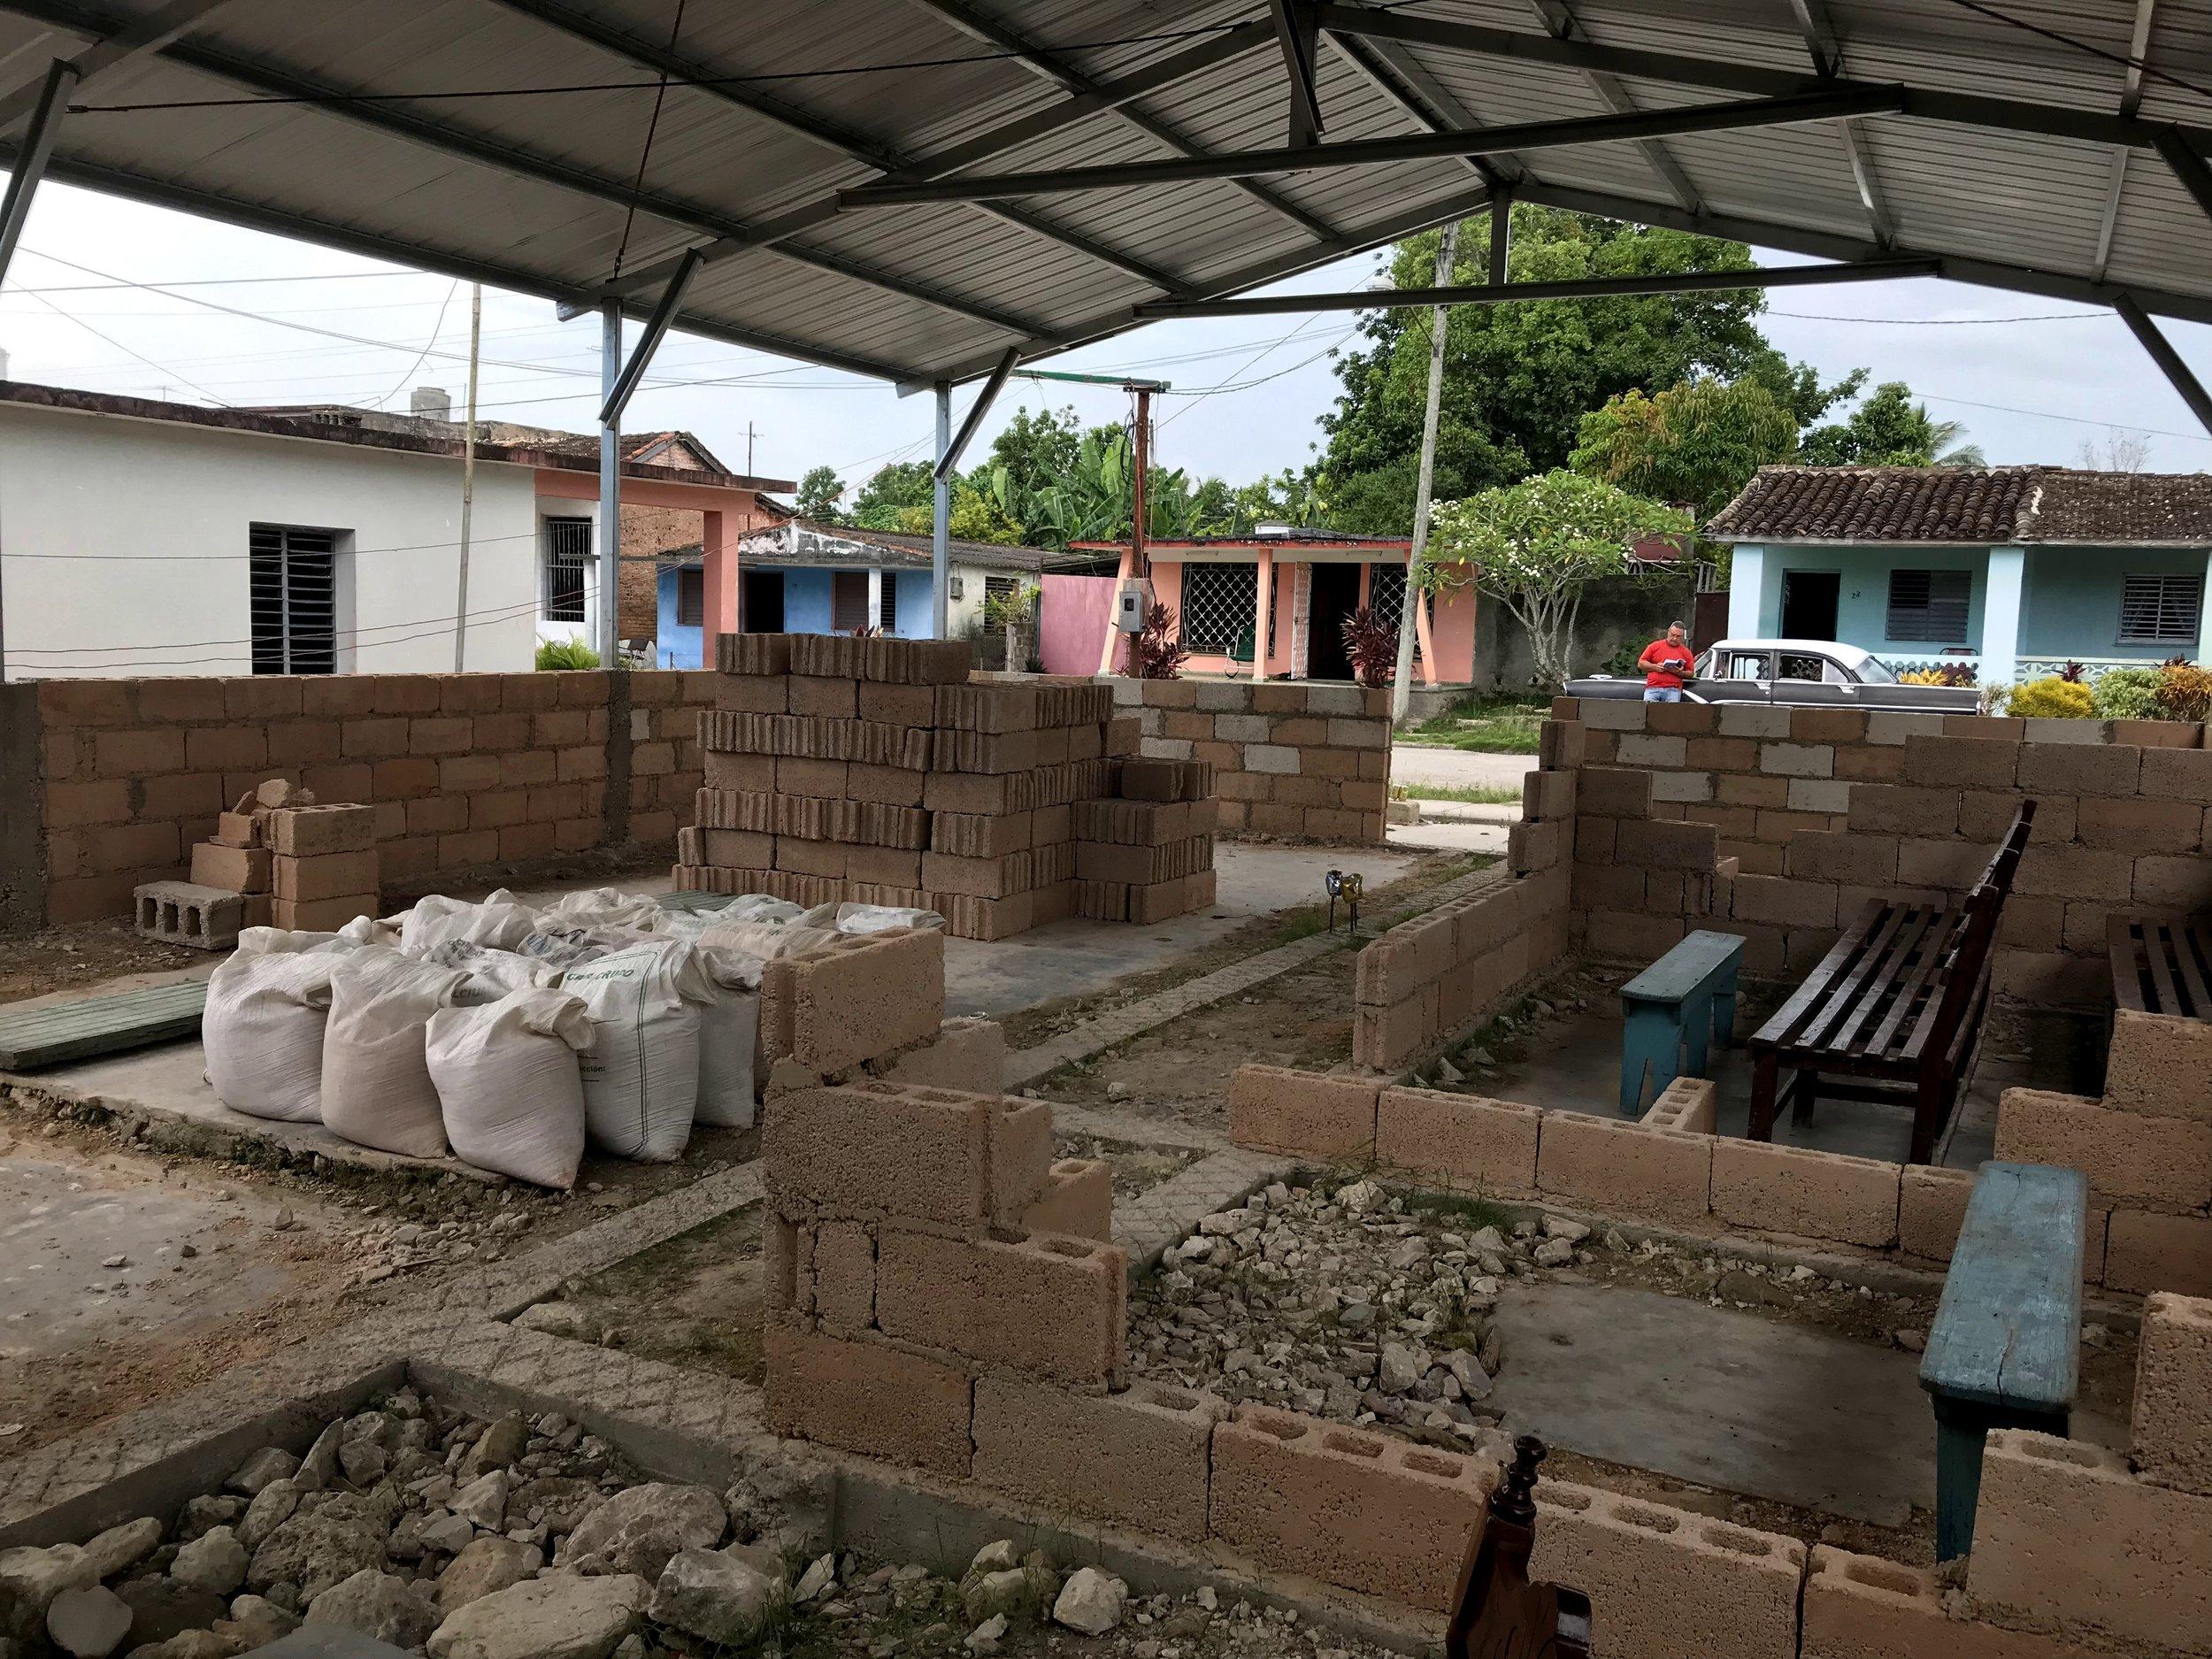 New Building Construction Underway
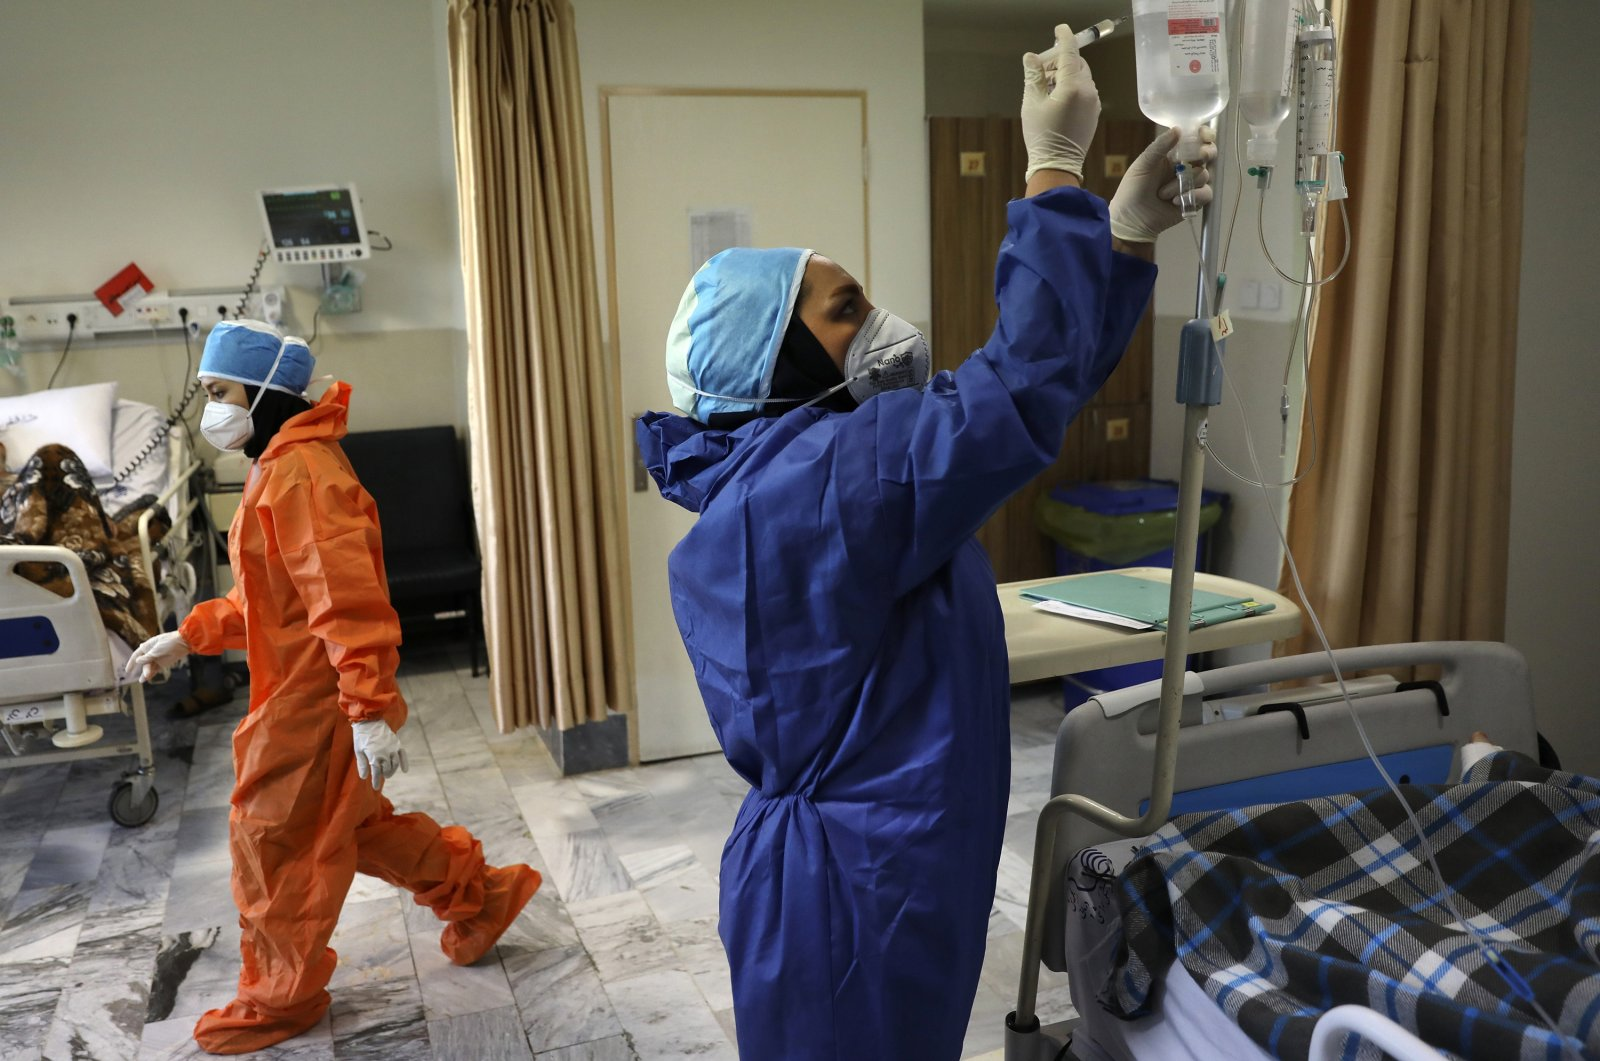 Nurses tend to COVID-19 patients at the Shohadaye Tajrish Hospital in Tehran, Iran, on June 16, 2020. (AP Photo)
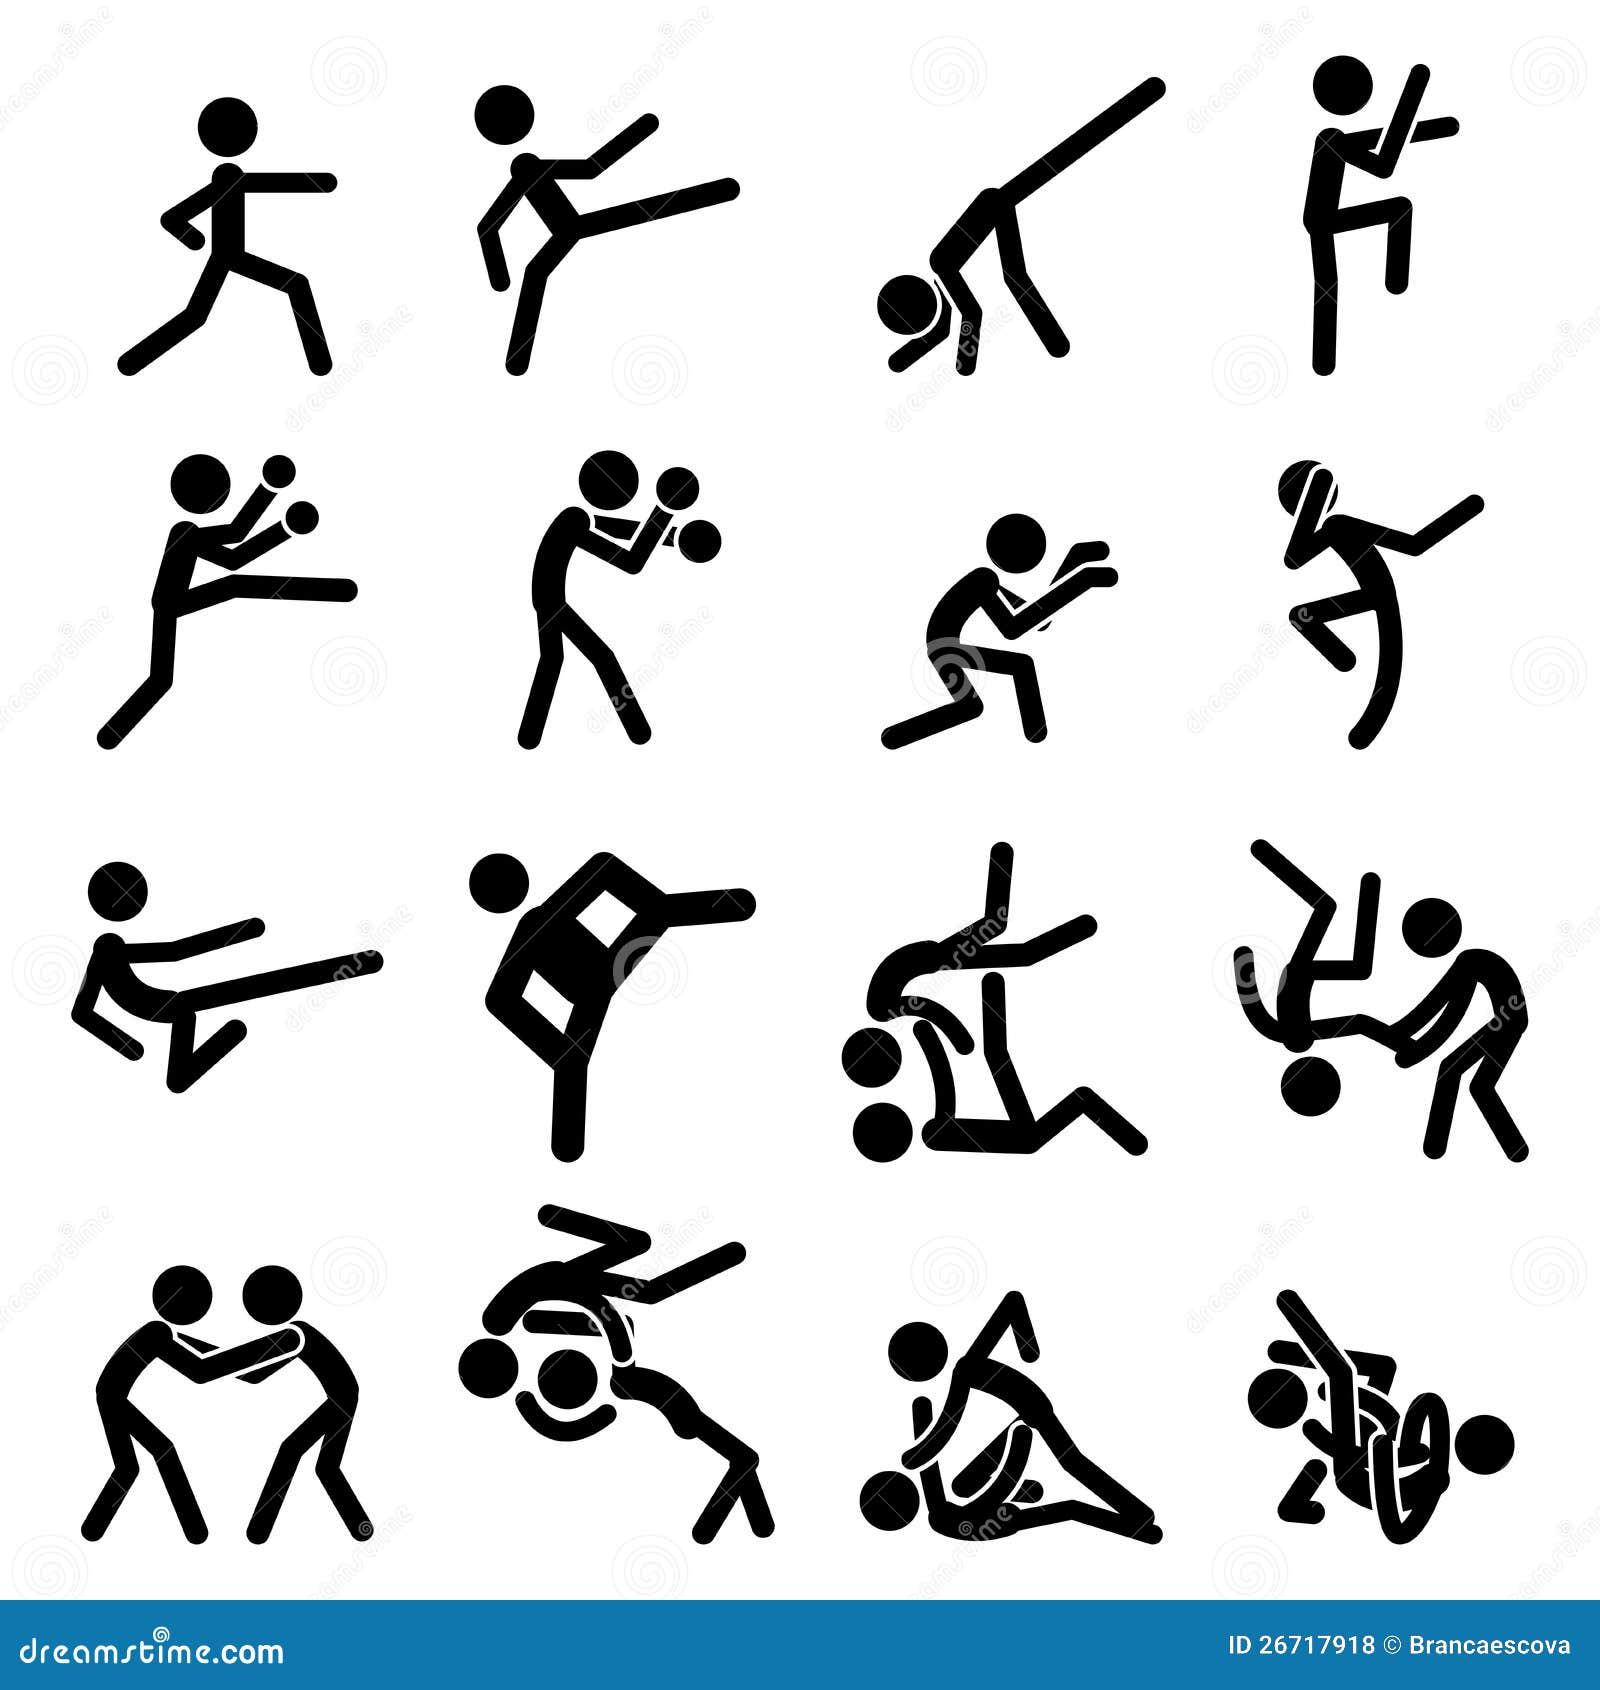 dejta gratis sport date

○ ○ ○

Aim of the exercise: Each line from the one containing "Nurses tend to" through the last line of the listing must be copied exactly, and the pictures must not be.

Result:
 Nurses tend to COVID-19 patients at the Shohadaye Tajrish Hospital in Tehran, Iran, on June 16, 2020. (AP Photo)
 dejta gratis sport date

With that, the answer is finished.